Zivania is a traditional Cypriot distillate that is produced on the island of Cyprus.
It is a colourless alcoholic beverage with a light aroma of grapes. Its average content in alcohol is 45%. There is no sugar in it and no acidity. Zivania is made with the residue of grapes that were pressed during the winemaking process, that are mixed with dry wines produced by the local varieties of Cypriot grapes. The grape/wine mixture is distilled in the traditional distillation apparatus, producing zivania.
Zivania received its name from the word zivana or zivano , the remnants of the grapes from which it is produced. It has been produced in Cyprus since the ruling of the Venetians, around the 14th century. Its continuous production during the Ottoman and British ruling on the island is mentioned by various writers who visited Cyprus. From 2004, Zivania has been protected by the European Union, as a unique product in Cyprus and cannot be produced with the same name elsewhere.

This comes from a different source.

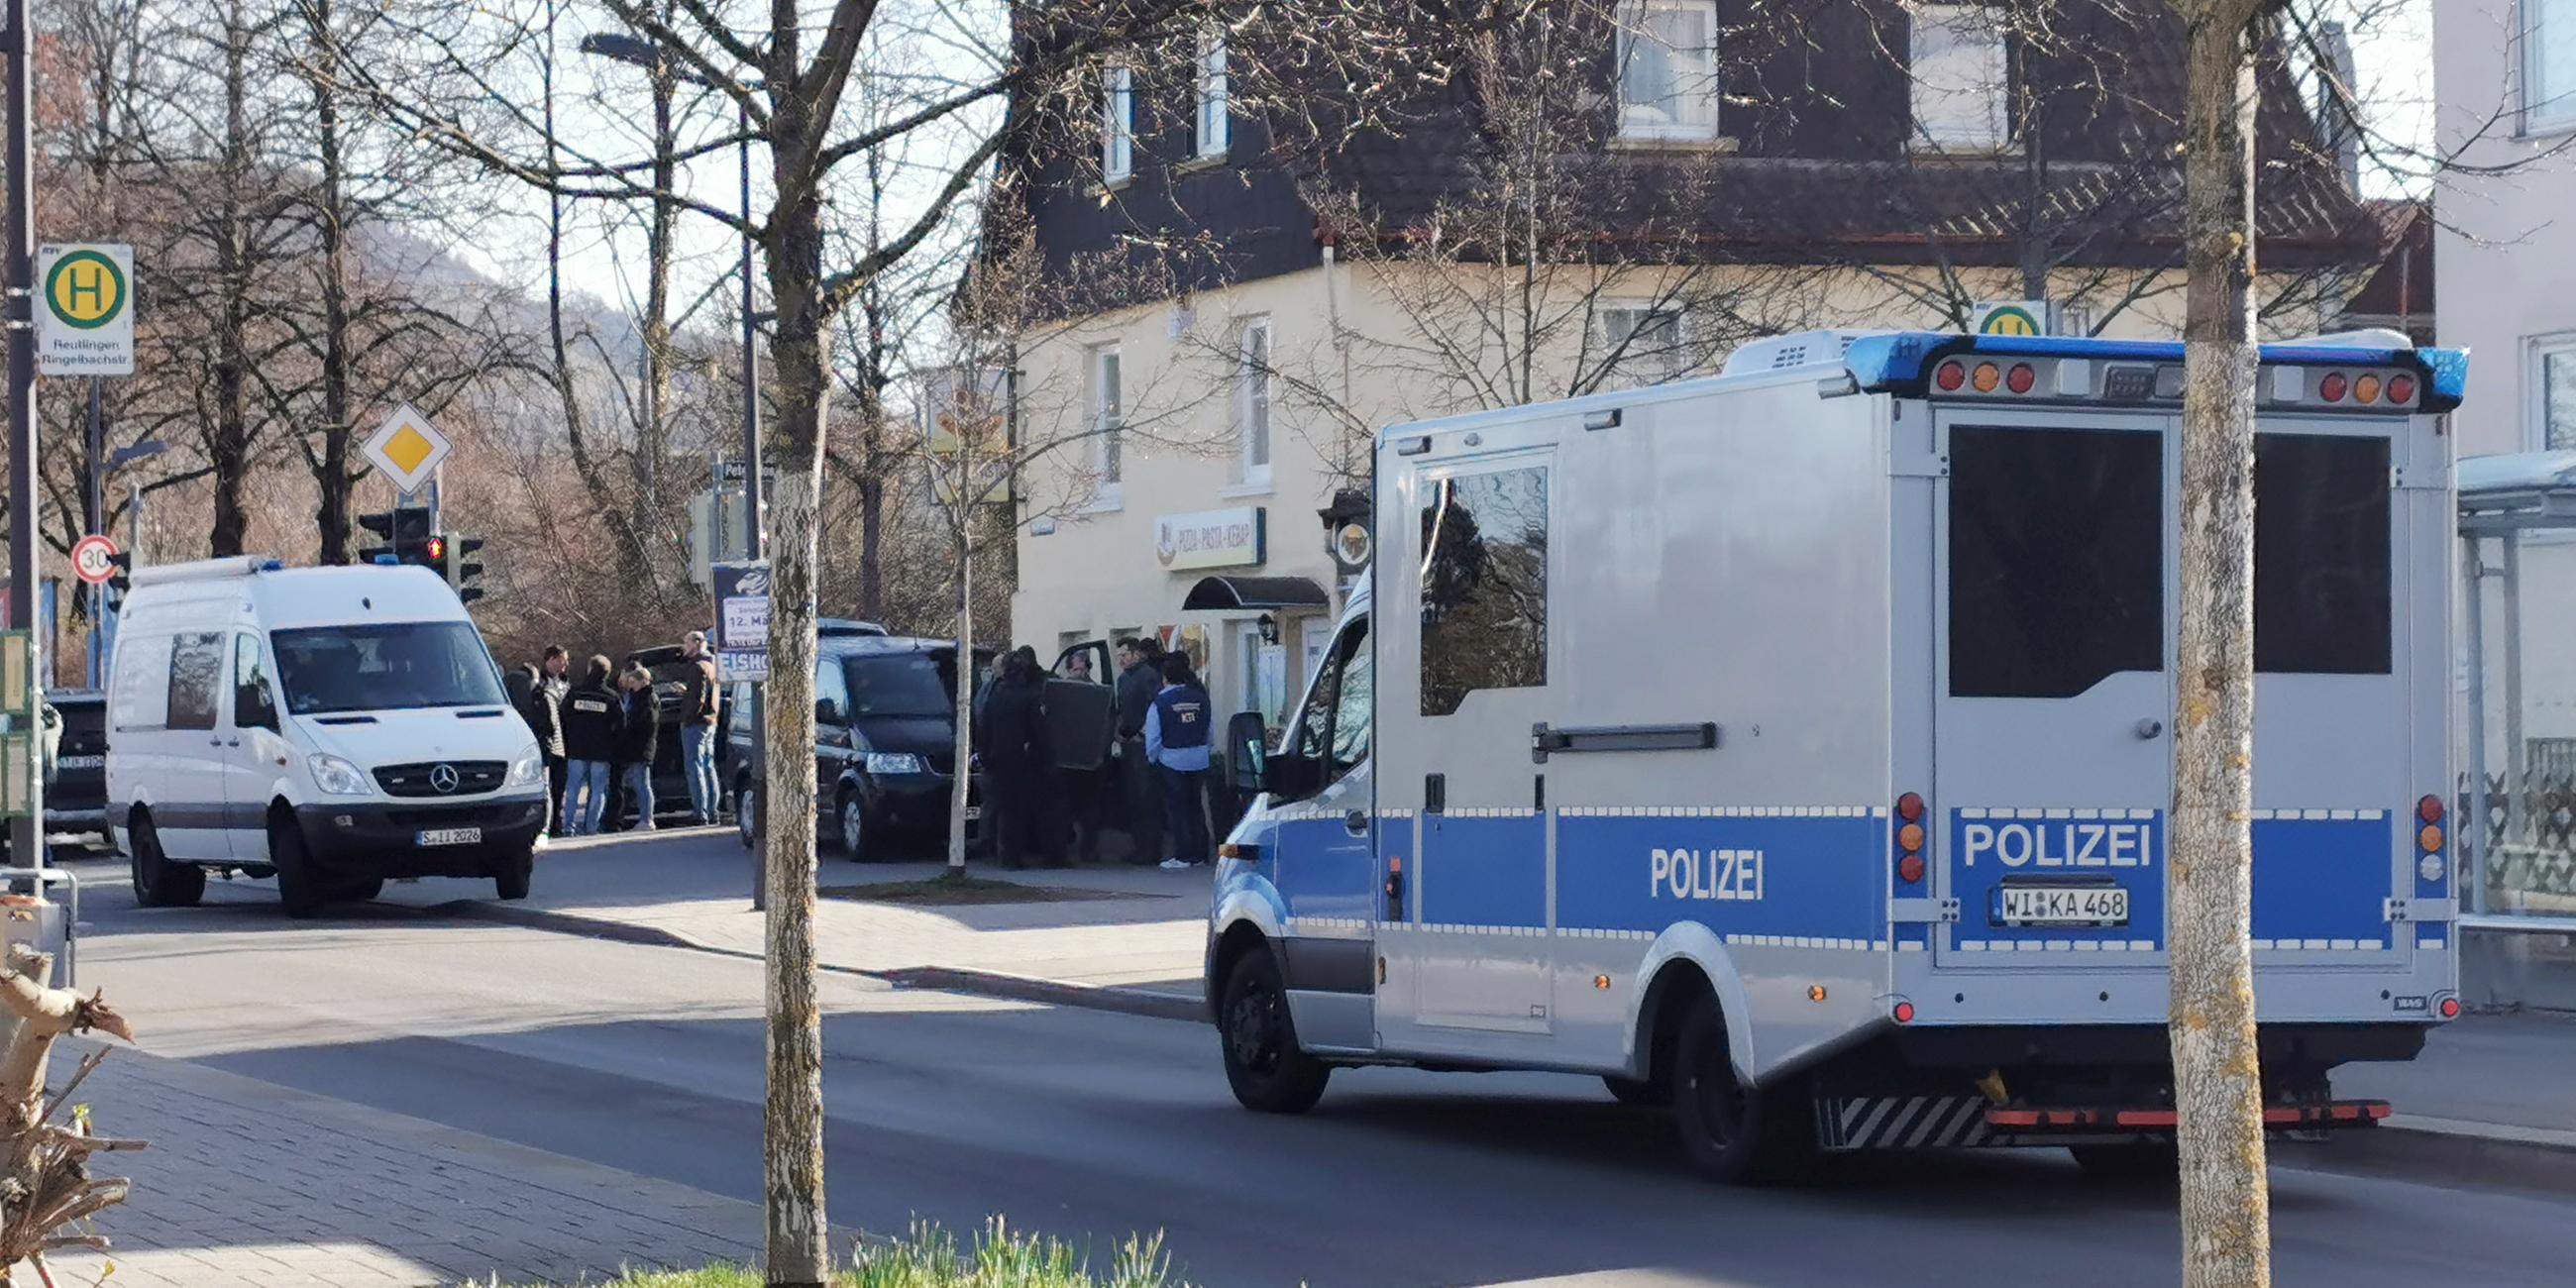 Polizeifahrzeuge stehen in einer Straße am 22.03.2023 in Reutlingen

In order to produce high quality zivania, ripe and healthy grapes of the best quality must be used. The grapes that are used for fermentation must be less than 13°, in order to accomplish the perfect fermentation. As soon as the fermentation process is complete, the wine and the apple pomace are transferred to the main part of the distillation apparatus, the cauldron and the process begins. The last zivania that comes out of the device is called porakos and has low alcohol content. There are mainly three types of distillation processes:
According to the different distillation process, there are different qualities of zivania.

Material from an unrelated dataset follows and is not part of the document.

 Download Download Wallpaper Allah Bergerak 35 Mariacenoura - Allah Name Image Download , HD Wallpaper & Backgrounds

Zivania is usually stored in clean wooden or galvanized metallic crates that can be closed in order to block the evaporation. During transportation special care is taken to not hit the crates so that there is no leakage or evaporation of zivania.
Apart from its classic use as an alcoholic beverage, zivania was used for many other reasons such as treating wounds, rubbing it on parts of the body, as a cure for a cold, for toothaches, or as a warm-up drink during the winter, especially in the villages near the Troodos Mountain. In the earlier years it was one of the main alcoholic beverages in Cyprus. In some villages they would add cinnamon to zivania in order to make it red, making the aroma and the taste different. As zivania matures, it becomes better and more aromatic.
Zivania is served chilled with almonds, loukoumi, soutzouko or small appetizers such as loukaniko, lountza , tsamarella or chiromeri.